> **WHAT YOU SHOULD DO**
Write the listing out again word for word, skipping each picture.

> **RECORDED INFORMATION**
::::::::::

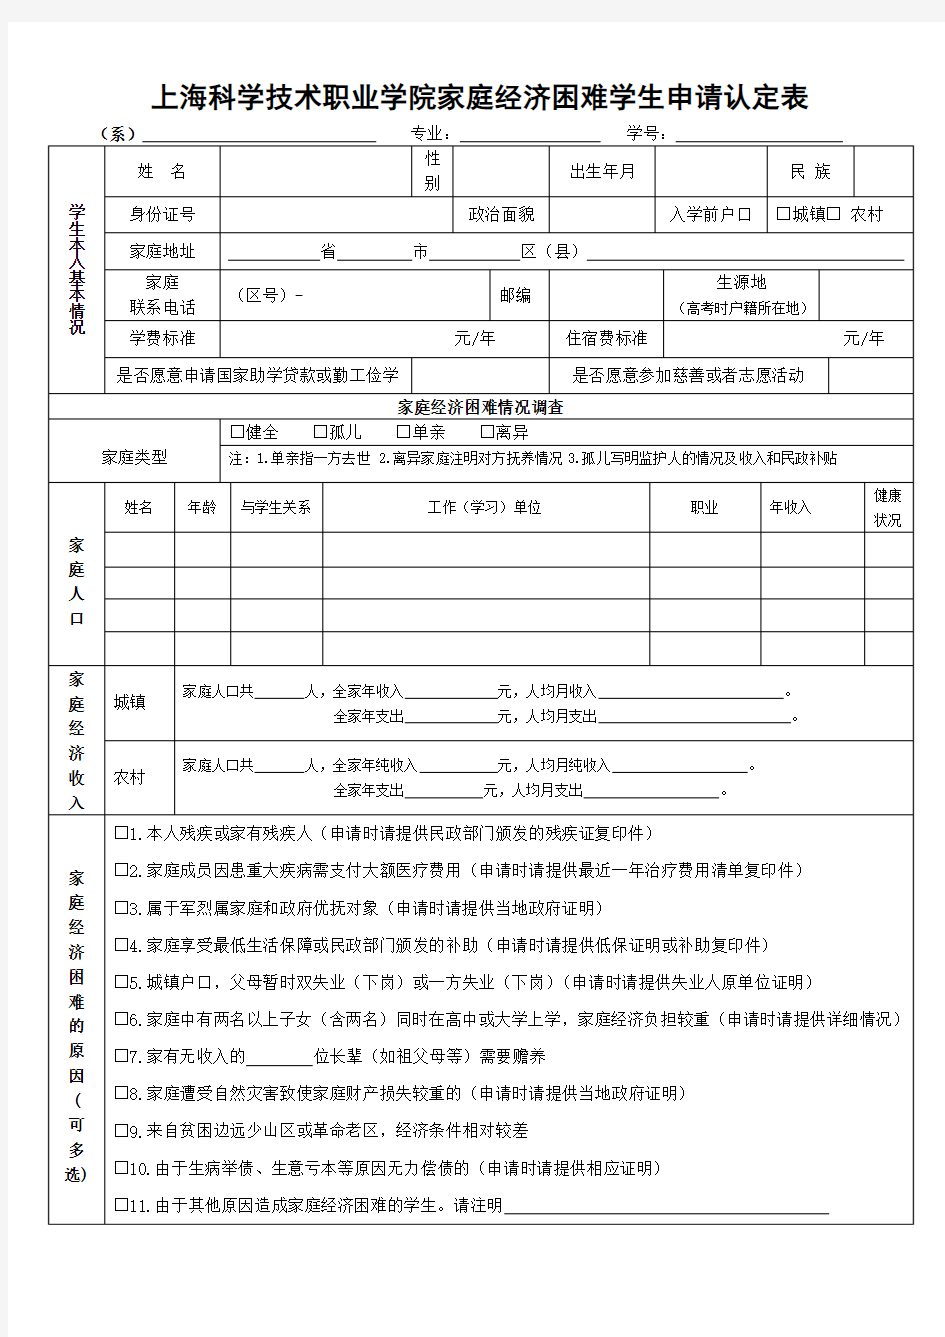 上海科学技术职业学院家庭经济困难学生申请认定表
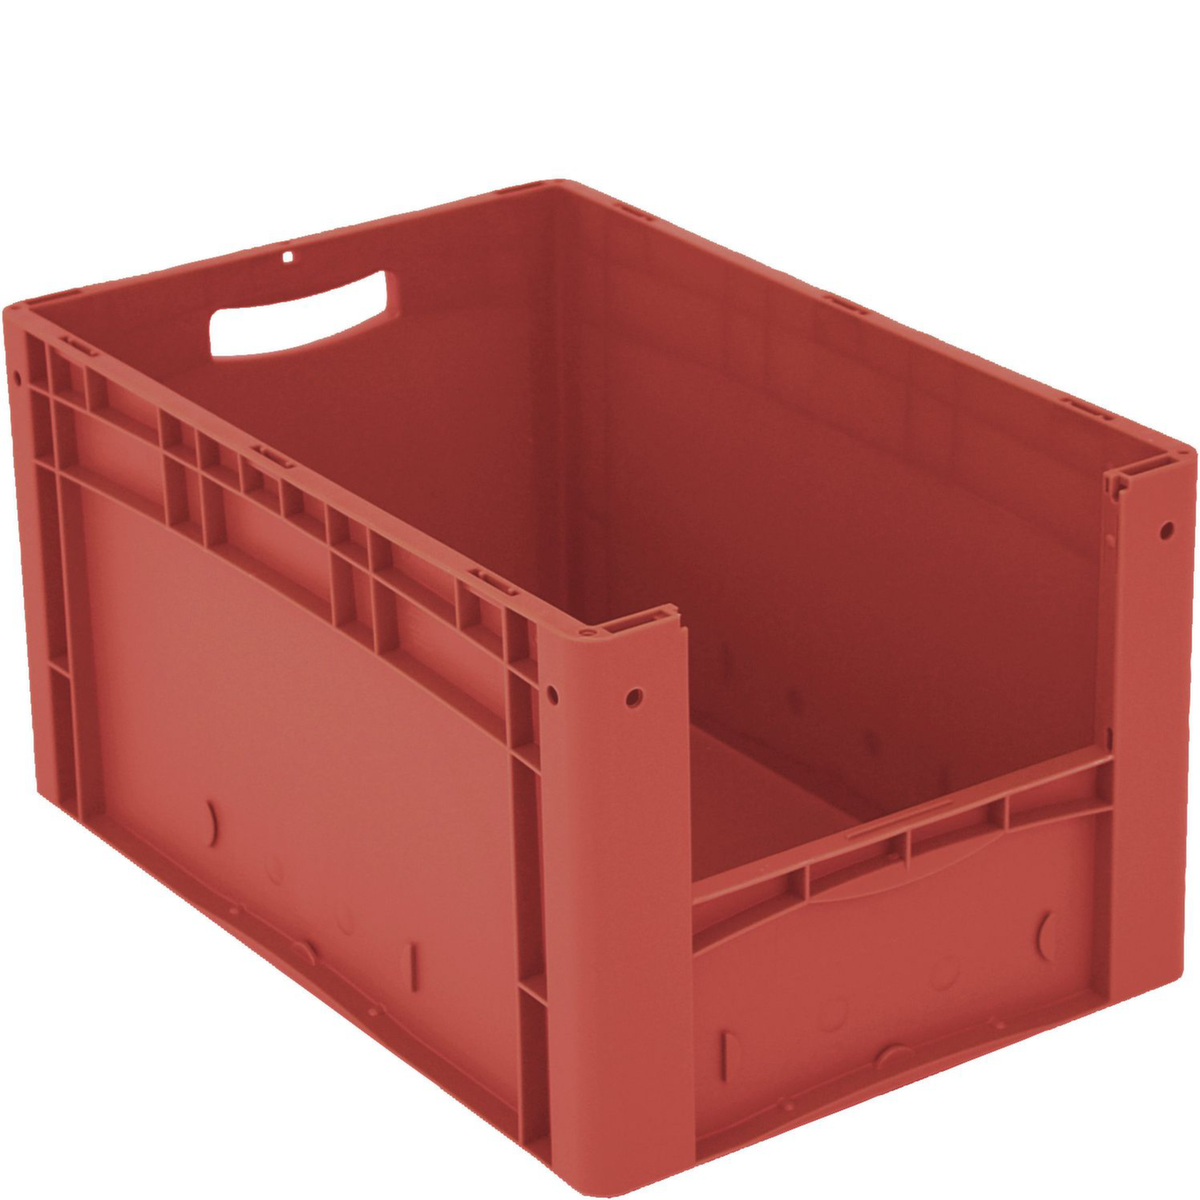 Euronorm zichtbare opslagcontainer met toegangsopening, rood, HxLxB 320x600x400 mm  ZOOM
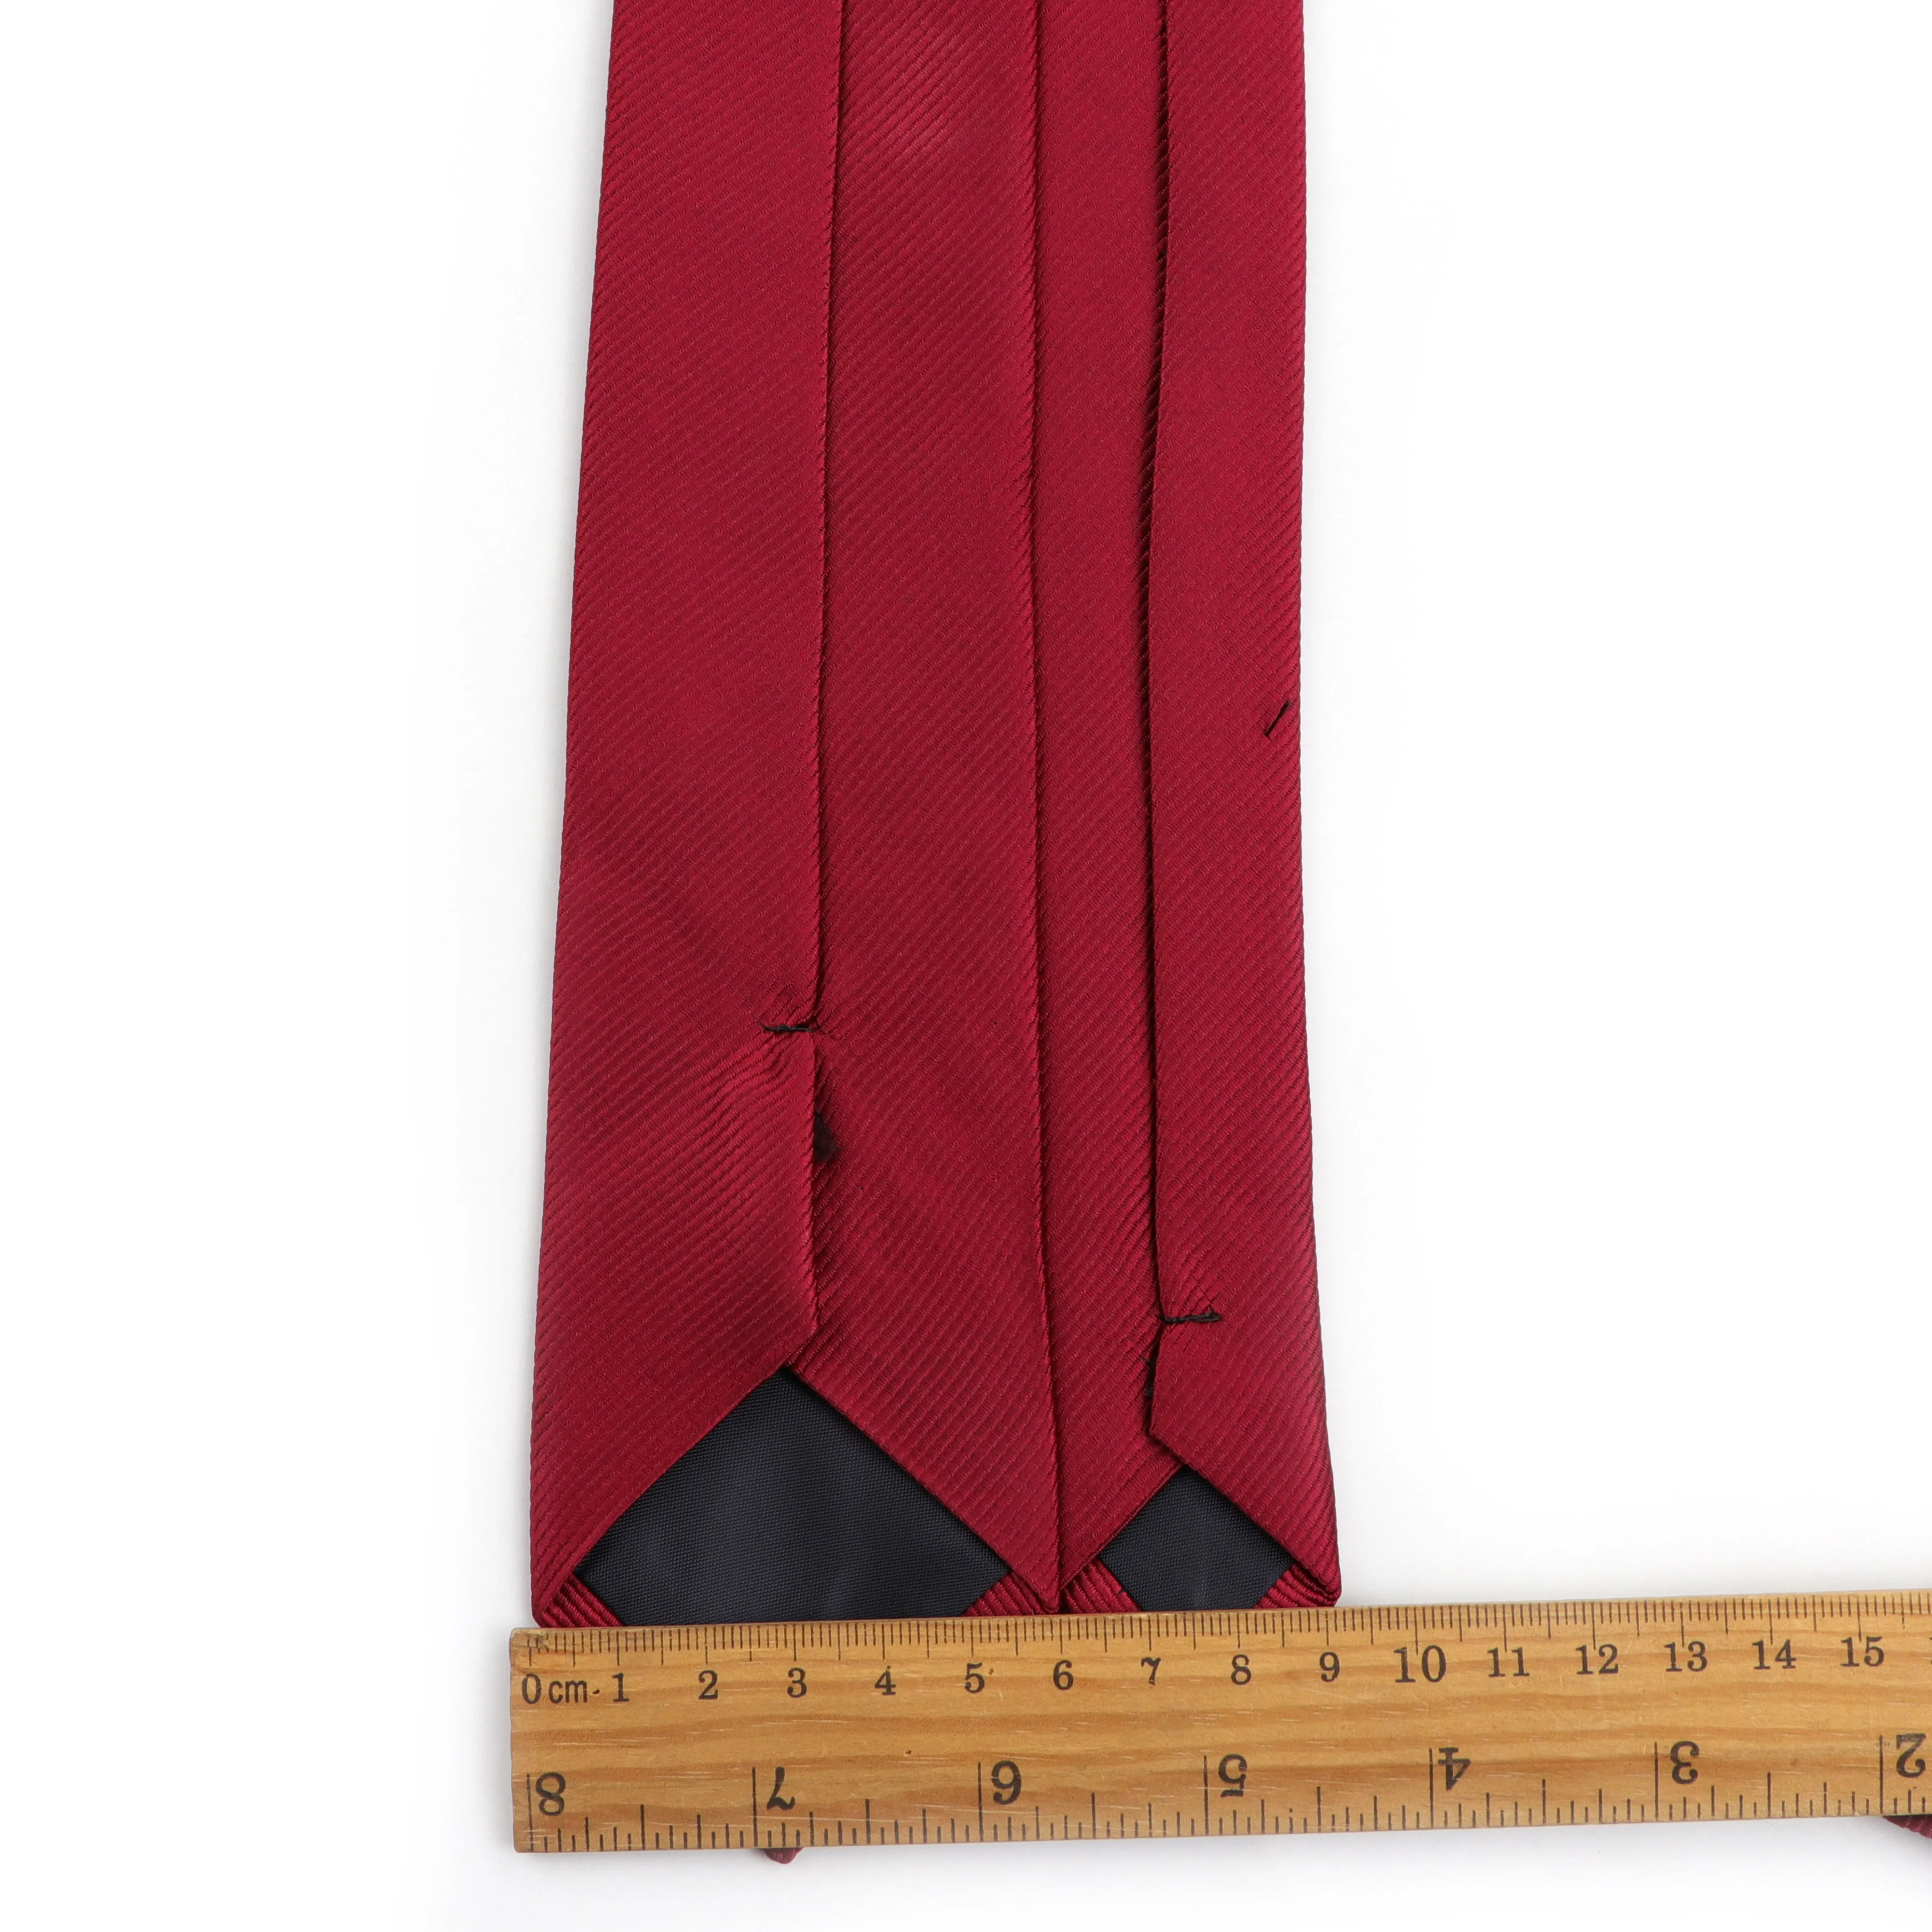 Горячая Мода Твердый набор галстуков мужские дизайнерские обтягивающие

::::::::::

> **EXPECTED ANSWER**
 上海科学技术职业学院家庭经济困难学生申请认定表
 Euronorm zichtbare opslagcontainer met toegangsopening, rood, HxLxB 320x600x400 mm  ZOOM
 Горячая Мода Твердый набор галстуков мужские дизайнерские обтягивающие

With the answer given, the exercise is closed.